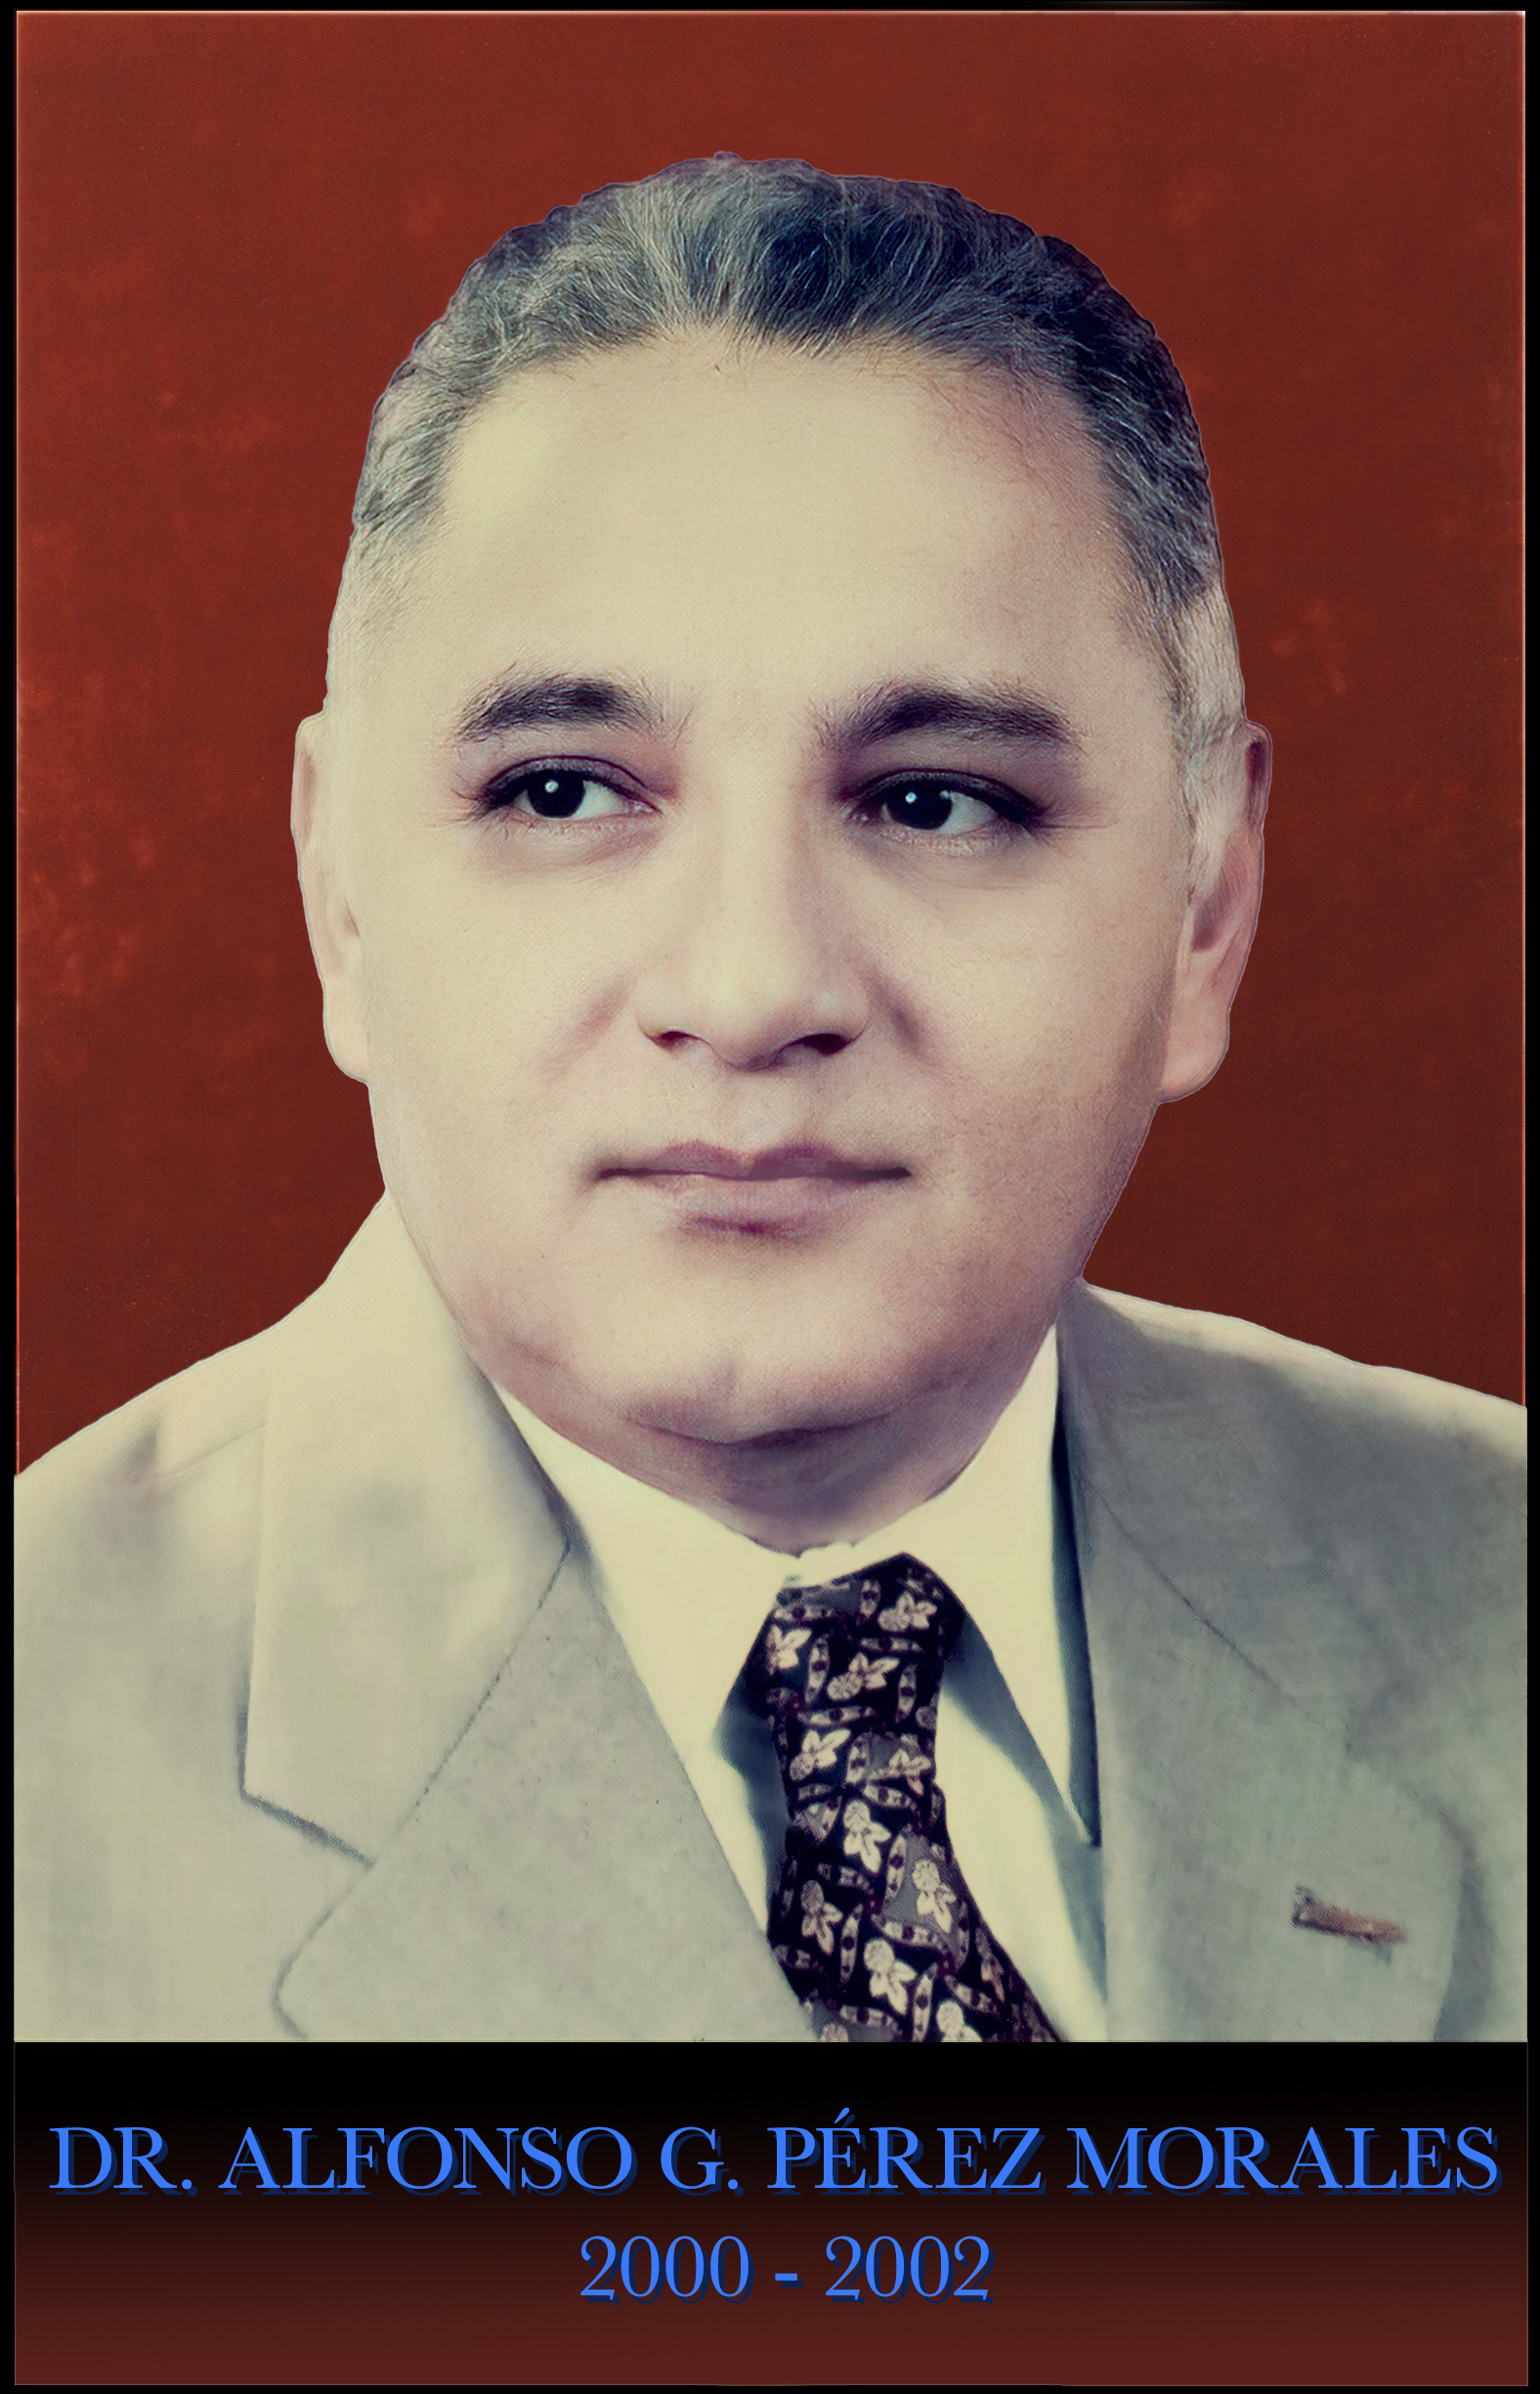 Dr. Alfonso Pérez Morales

****************

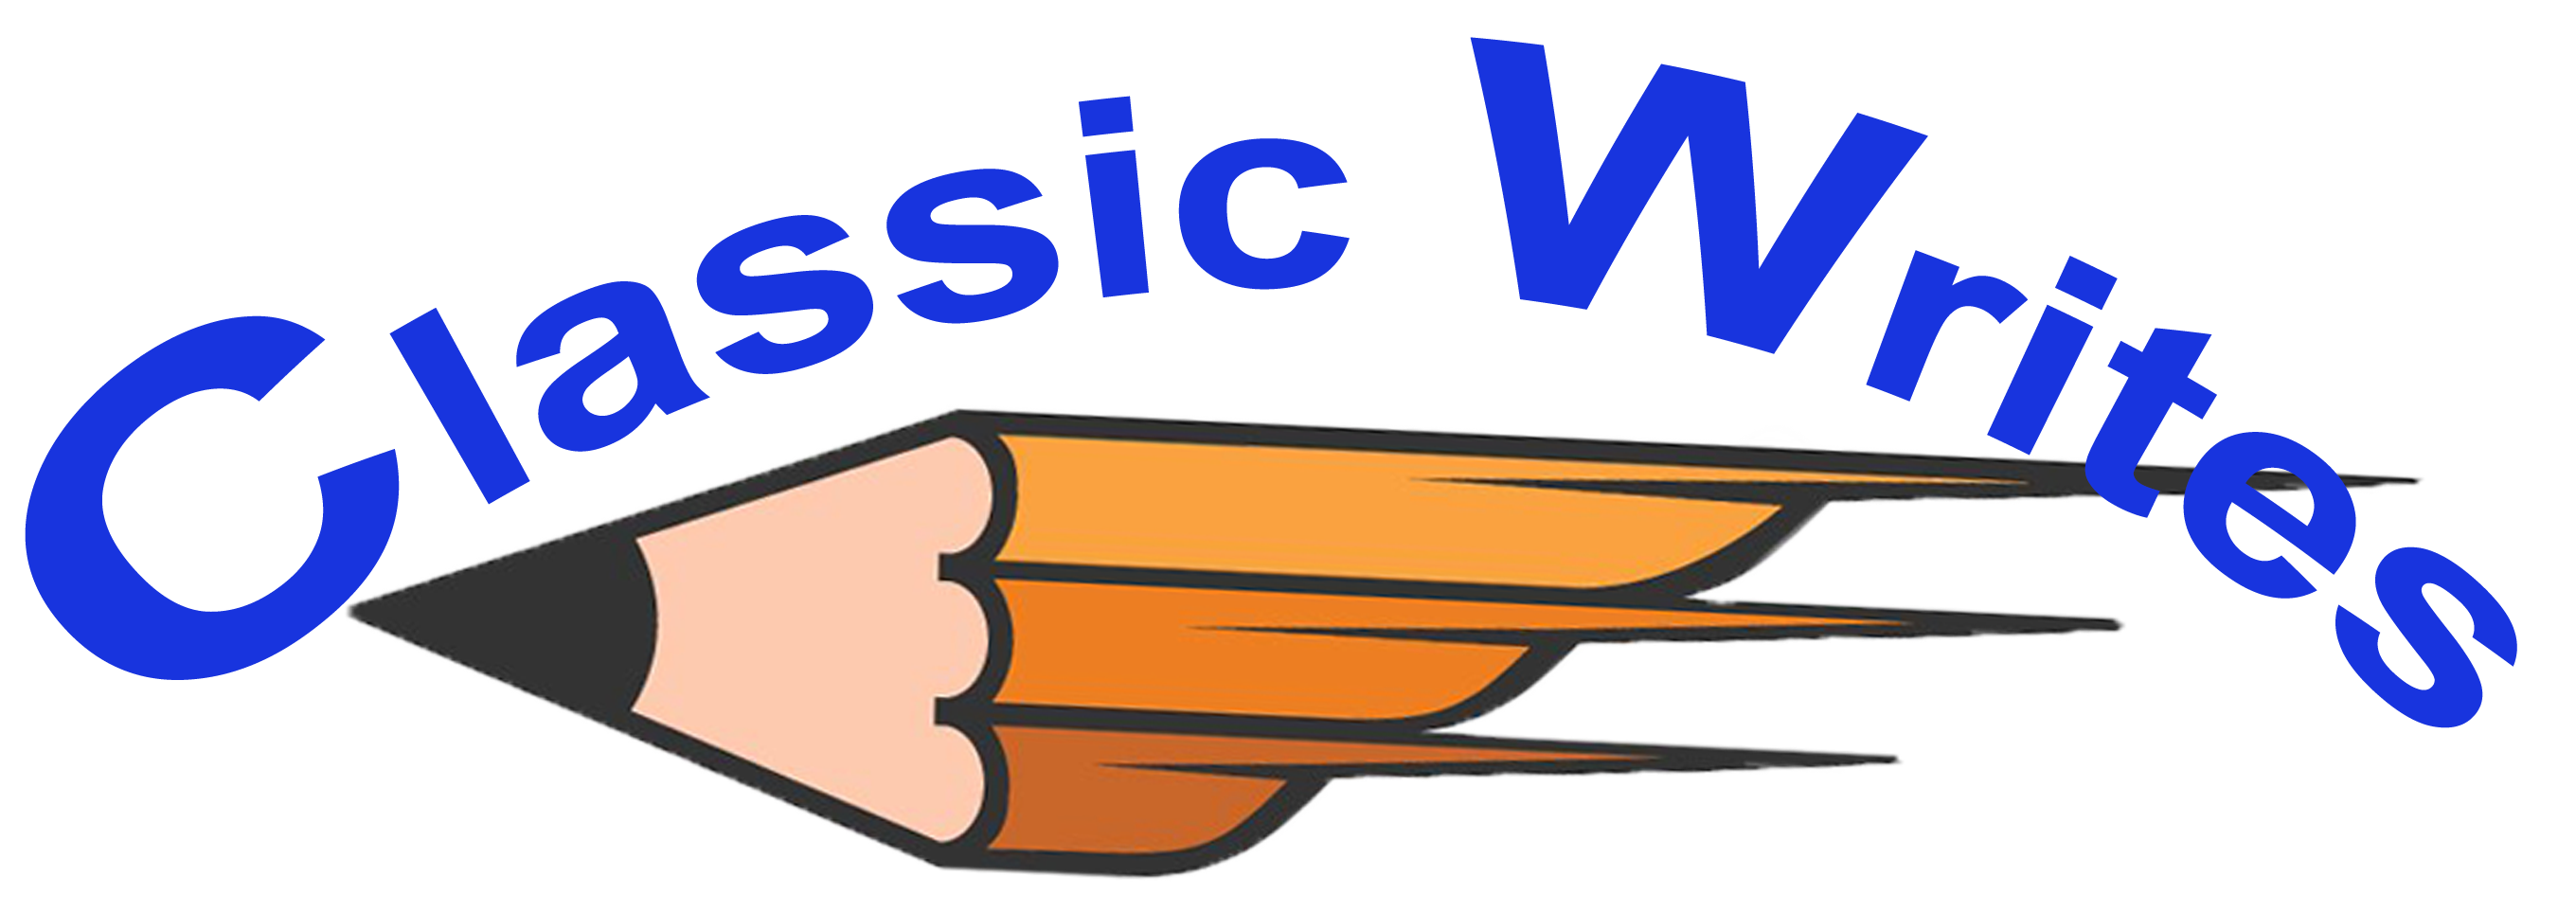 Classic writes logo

****************

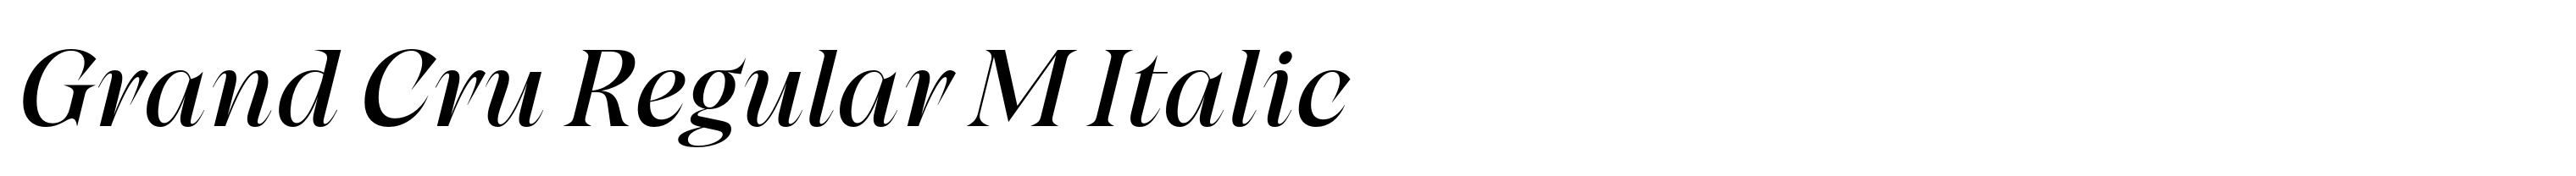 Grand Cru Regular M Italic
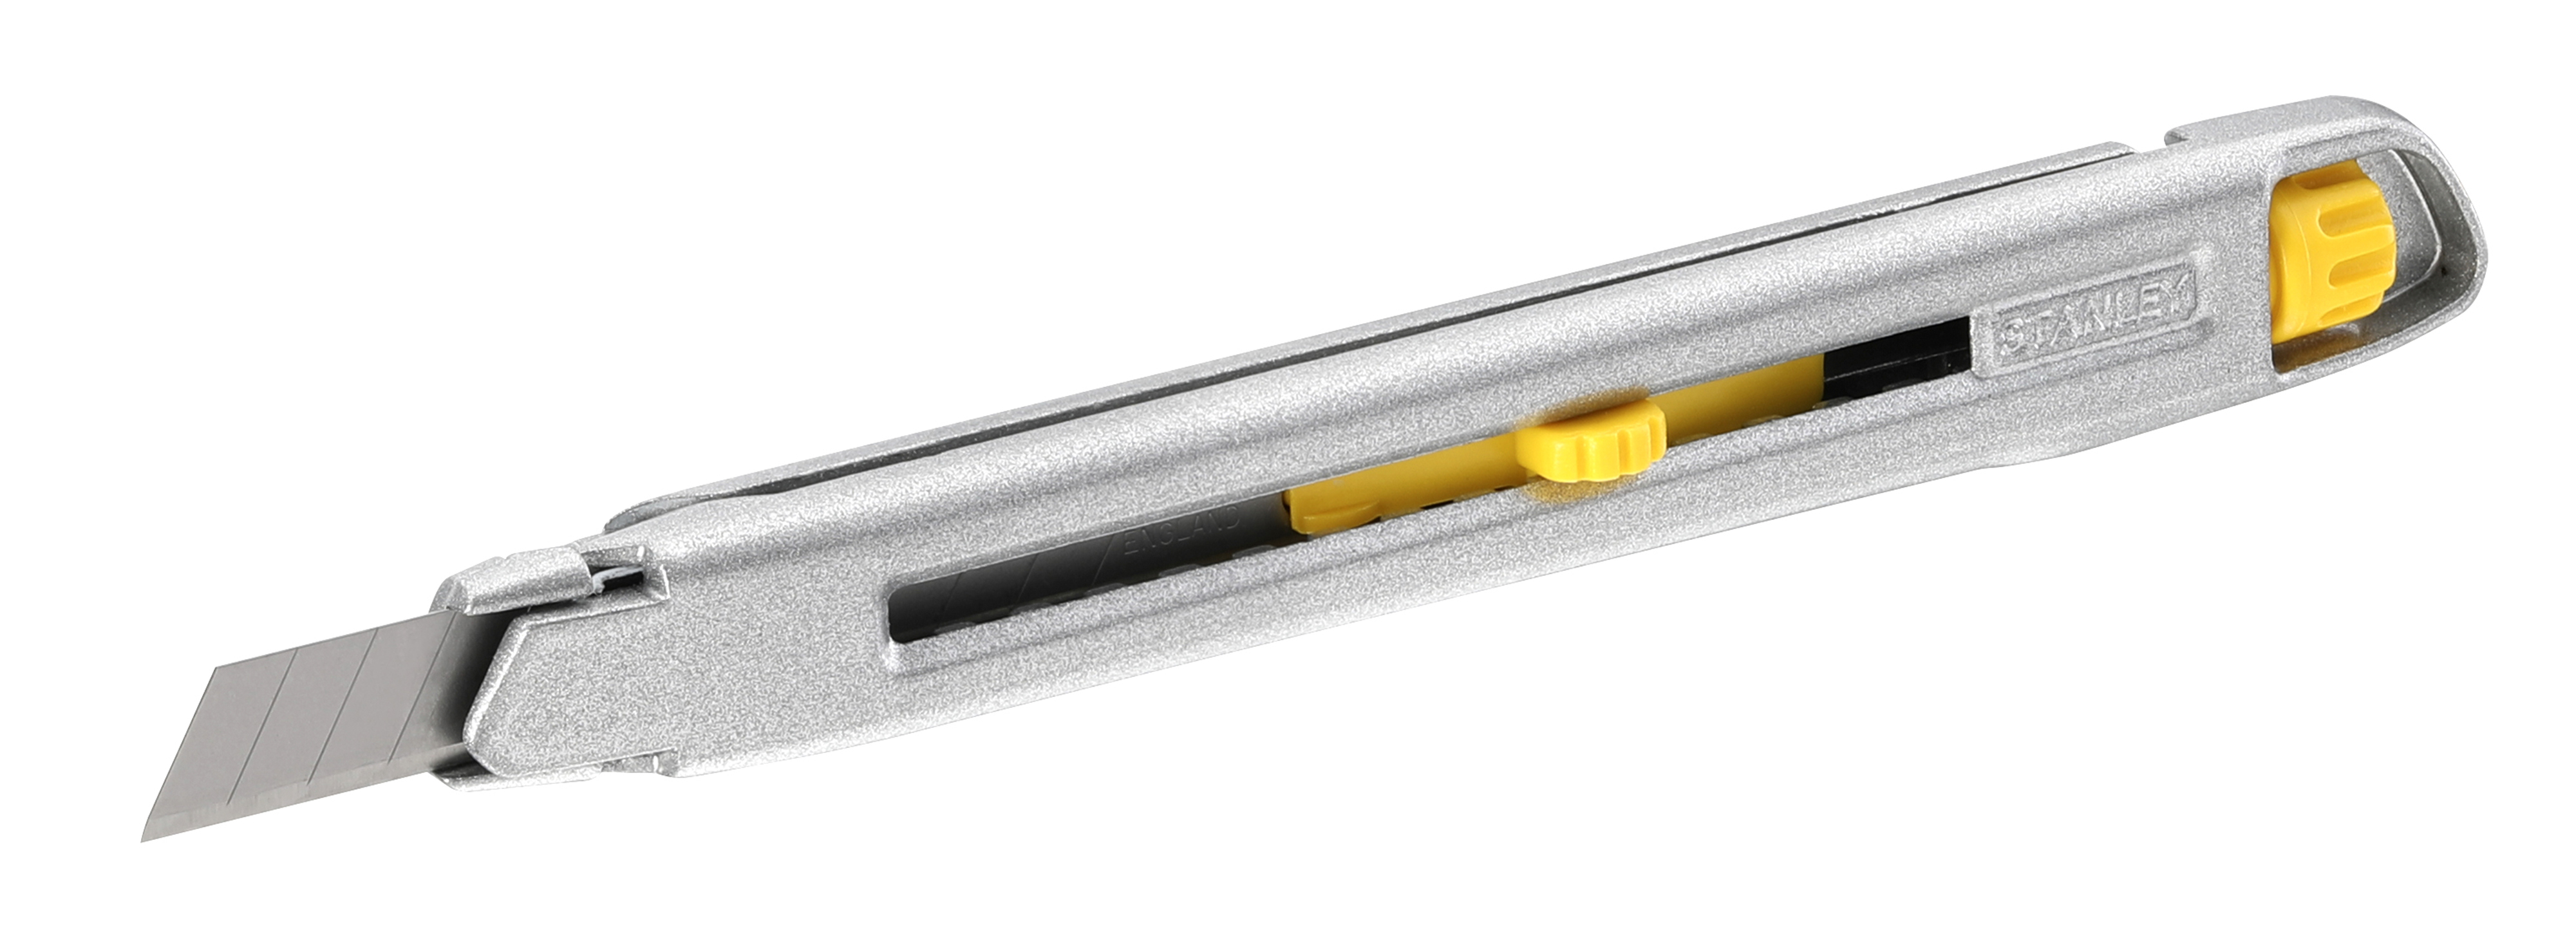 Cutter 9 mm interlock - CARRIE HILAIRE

****************

_WORK TO BE COMPLETED_:
Would you output the lines above from the line holding "Grand Cru Regular M Italic" up to and including the line holding "Cutter 9 mm interlock - CARRIE HILAIRE", exactly and only those, with no pictures?

_SOLUTION FOR THIS EXERCISE_:
 Grand Cru Regular M Italic
 Cutter 9 mm interlock - CARRIE HILAIRE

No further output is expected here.